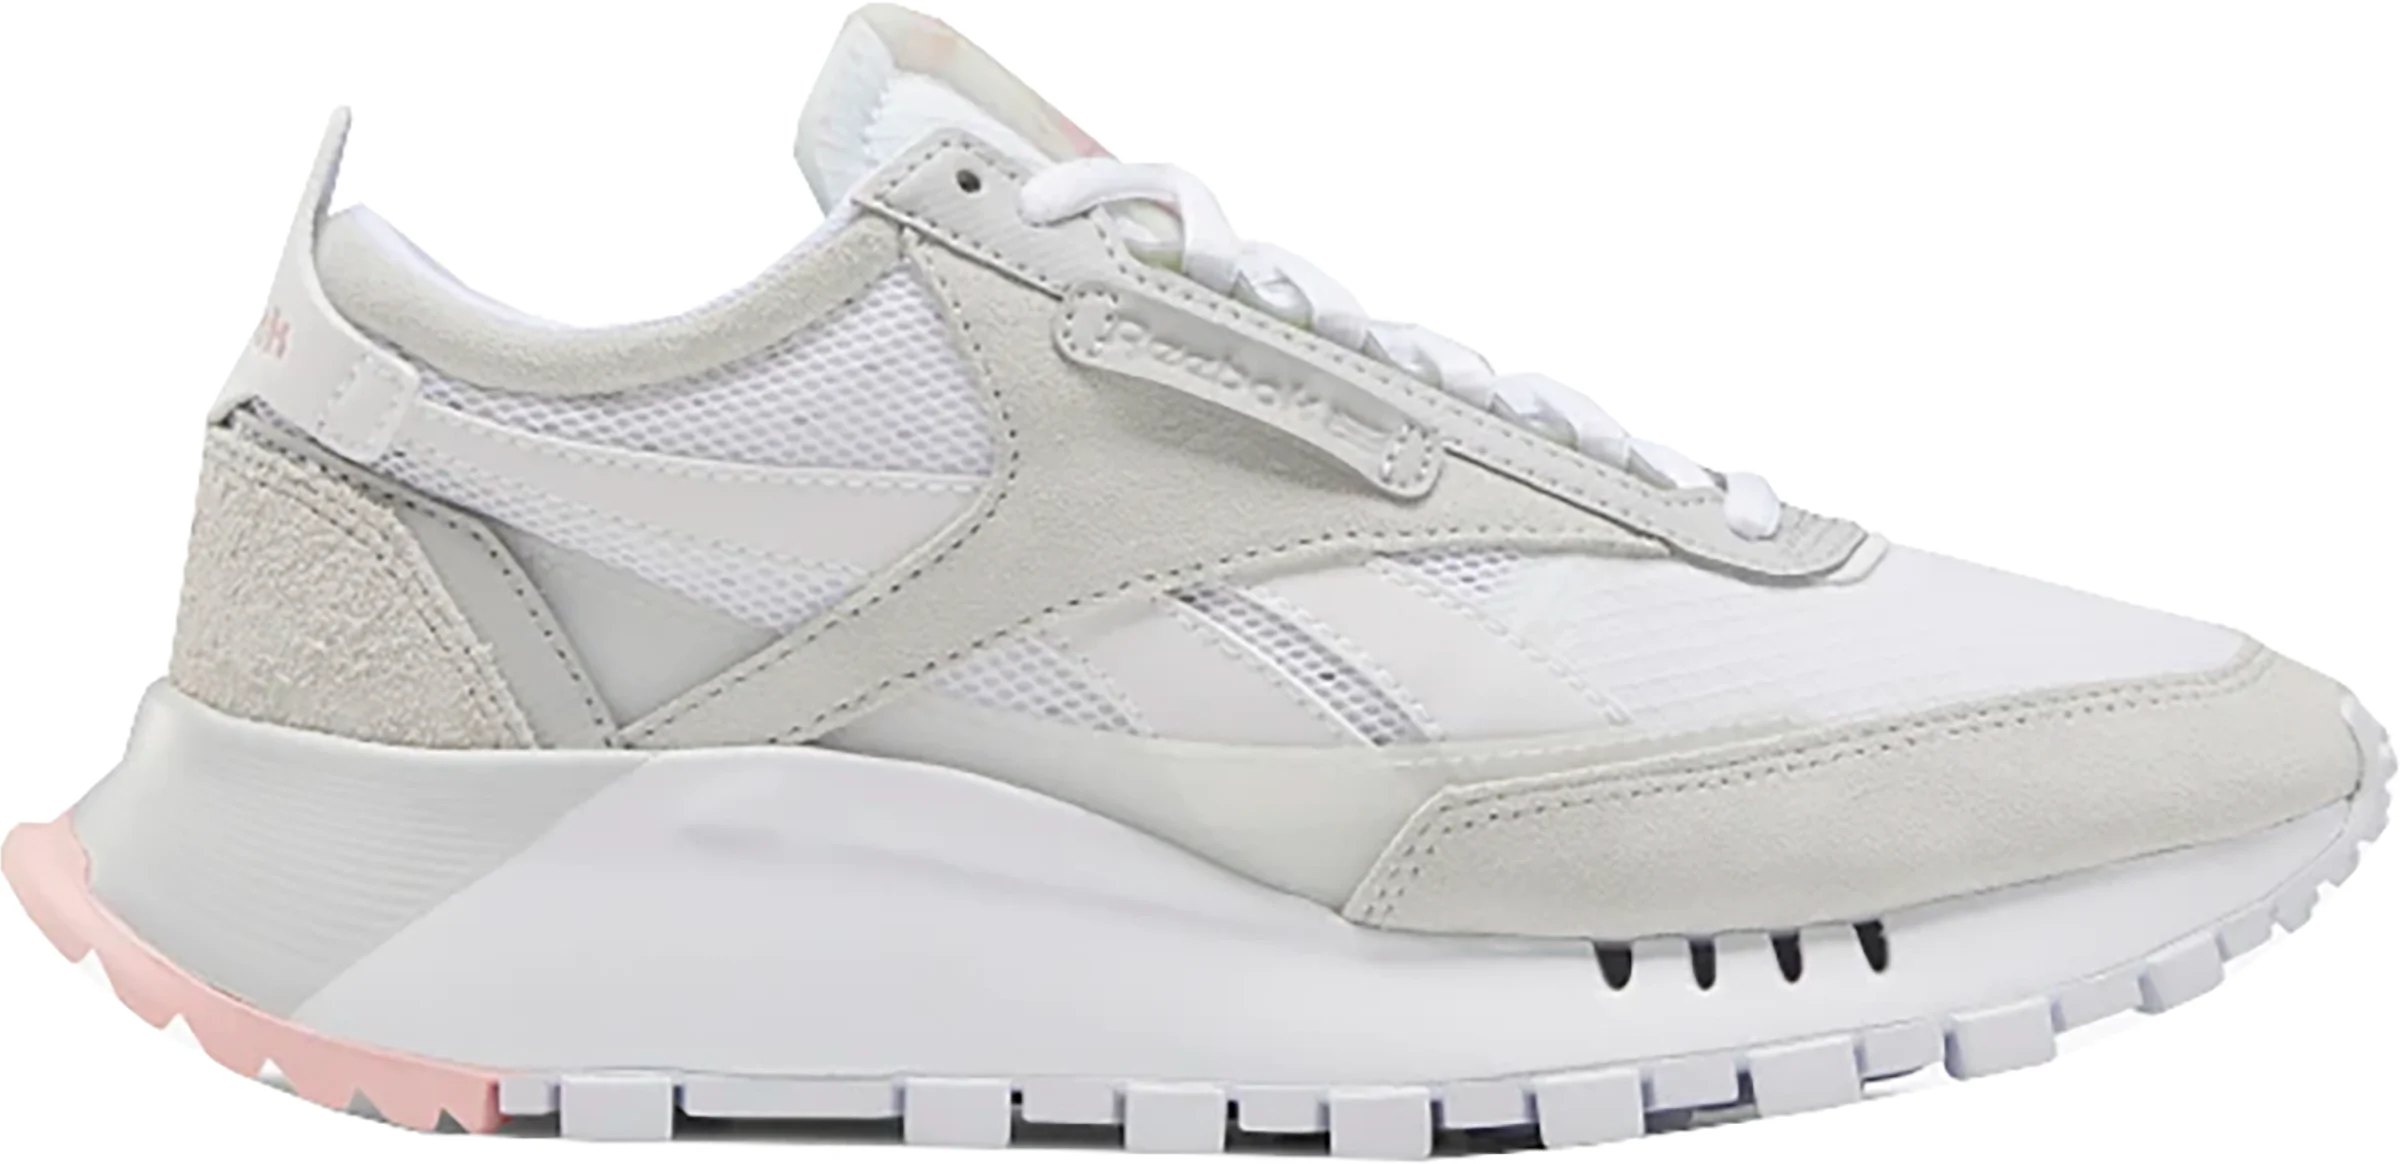 Classic Leather Shoes - Ftwr White / Pure Grey 3 / Pure Grey 7 | Reebok
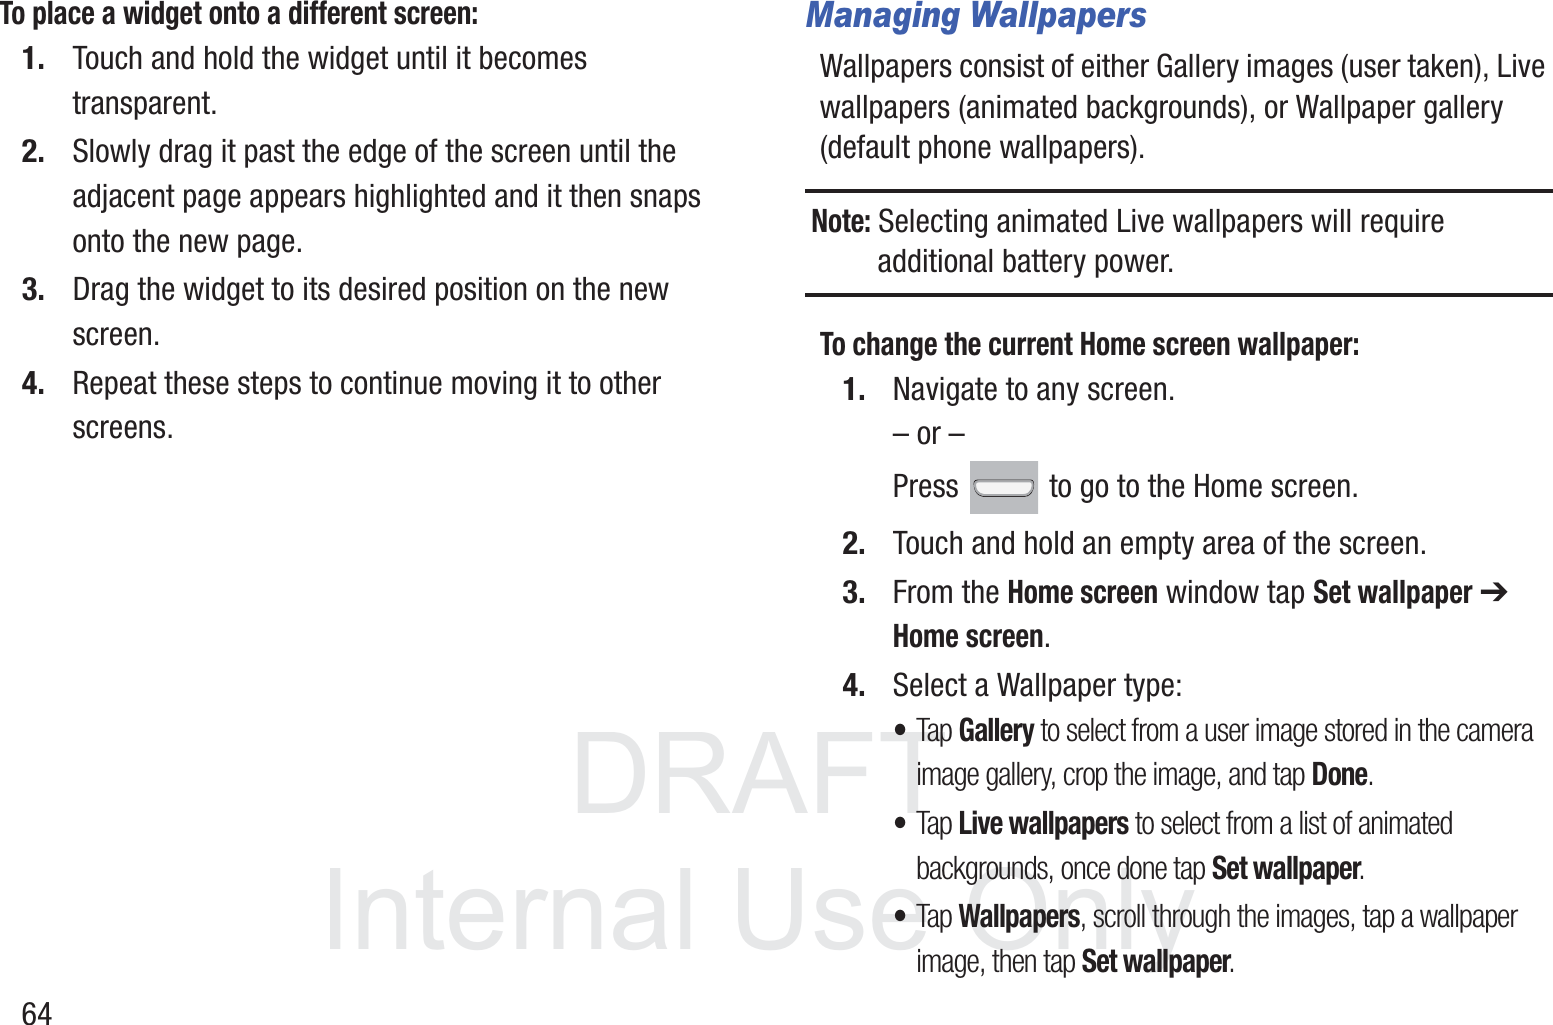 DRAFT InternalUse Only64To place a widget onto a different screen:1. Touch and hold the widget until it becomes transparent.2. Slowly drag it past the edge of the screen until the adjacent page appears highlighted and it then snaps onto the new page.3. Drag the widget to its desired position on the new screen.4. Repeat these steps to continue moving it to other screens.Managing WallpapersWallpapers consist of either Gallery images (user taken), Live wallpapers (animated backgrounds), or Wallpaper gallery (default phone wallpapers).Note: Selecting animated Live wallpapers will require additional battery power.To change the current Home screen wallpaper:1. Navigate to any screen. – or –Press   to go to the Home screen.  2. Touch and hold an empty area of the screen.3. From the Home screen window tap Set wallpaper ➔ Home screen.4. Select a Wallpaper type:•Tap Gallery to select from a user image stored in the camera image gallery, crop the image, and tap Done.•Tap Live wallpapers to select from a list of animated backgrounds, once done tap Set wallpaper. •Tap Wallpapers, scroll through the images, tap a wallpaper image, then tap Set wallpaper.
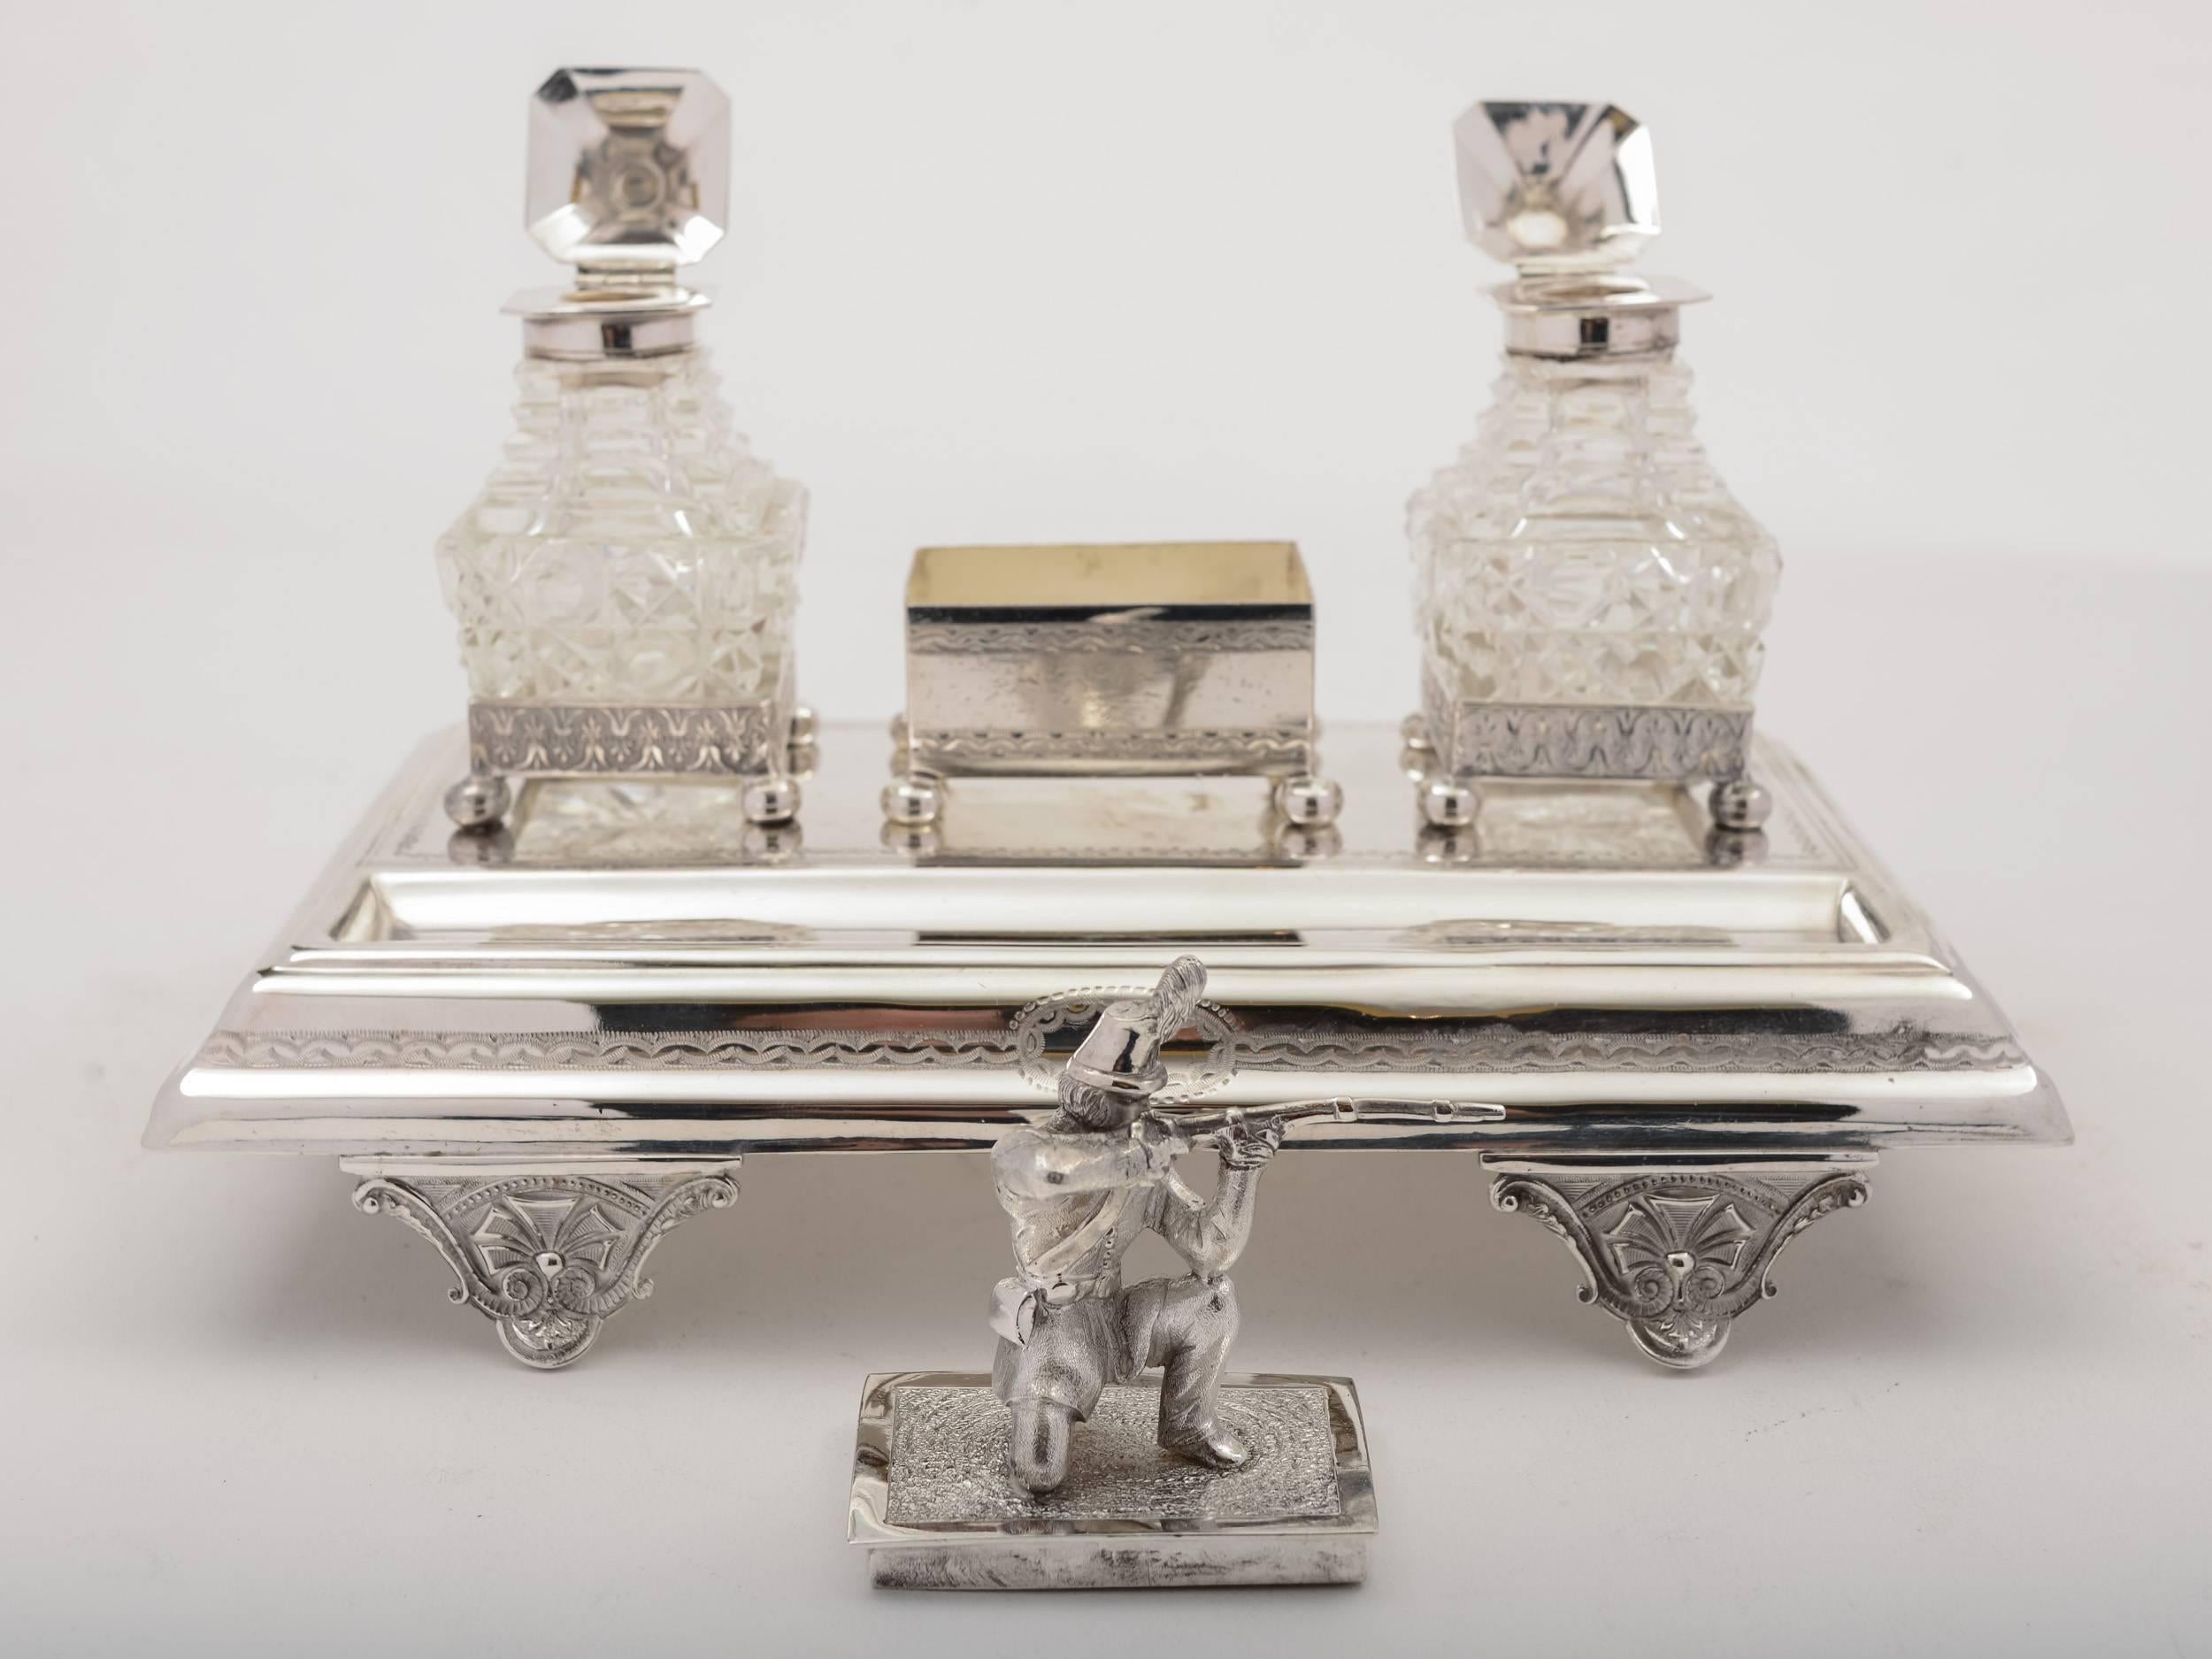 A stunning English Victorian silver plated ink stand with model of soldier in firing position crouched on stamp box in centre, flanked by X2 cut glass inkwells which have pagoda shaped tops. The stand sits on four embossed cast feet and there is

- [Work to complete]:
Output the whole of the data, unchanged; keep the pictures out.

- [Answer box]:
 Classic Leather Shoes - Ftwr White / Pure Grey 3 / Pure Grey 7 | Reebok
 DRAFT InternalUse Only64To place a widget onto a different screen:1. Touch and hold the widget until it becomes transparent.2. Slowly drag it past the edge of the screen until the adjacent page appears highlighted and it then snaps onto the new page.3. Drag the widget to its desired position on the new screen.4. Repeat these steps to continue moving it to other screens.Managing WallpapersWallpapers consist of either Gallery images (user taken), Live wallpapers (animated backgrounds), or Wallpaper gallery (default phone wallpapers).Note: Selecting animated Live wallpapers will require additional battery power.To change the current Home screen wallpaper:1. Navigate to any screen. – or –Press   to go to the Home screen.  2. Touch and hold an empty area of the screen.3. From the Home screen window tap Set wallpaper ➔ Home screen.4. Select a Wallpaper type:•Tap Gallery to select from a user image stored in the camera image gallery, crop the image, and tap Done.•Tap Live wallpapers to select from a list of animated backgrounds, once done tap Set wallpaper. •Tap Wallpapers, scroll through the images, tap a wallpaper image, then tap Set wallpaper.
 A stunning English Victorian silver plated ink stand with model of soldier in firing position crouched on stamp box in centre, flanked by X2 cut glass inkwells which have pagoda shaped tops. The stand sits on four embossed cast feet and there is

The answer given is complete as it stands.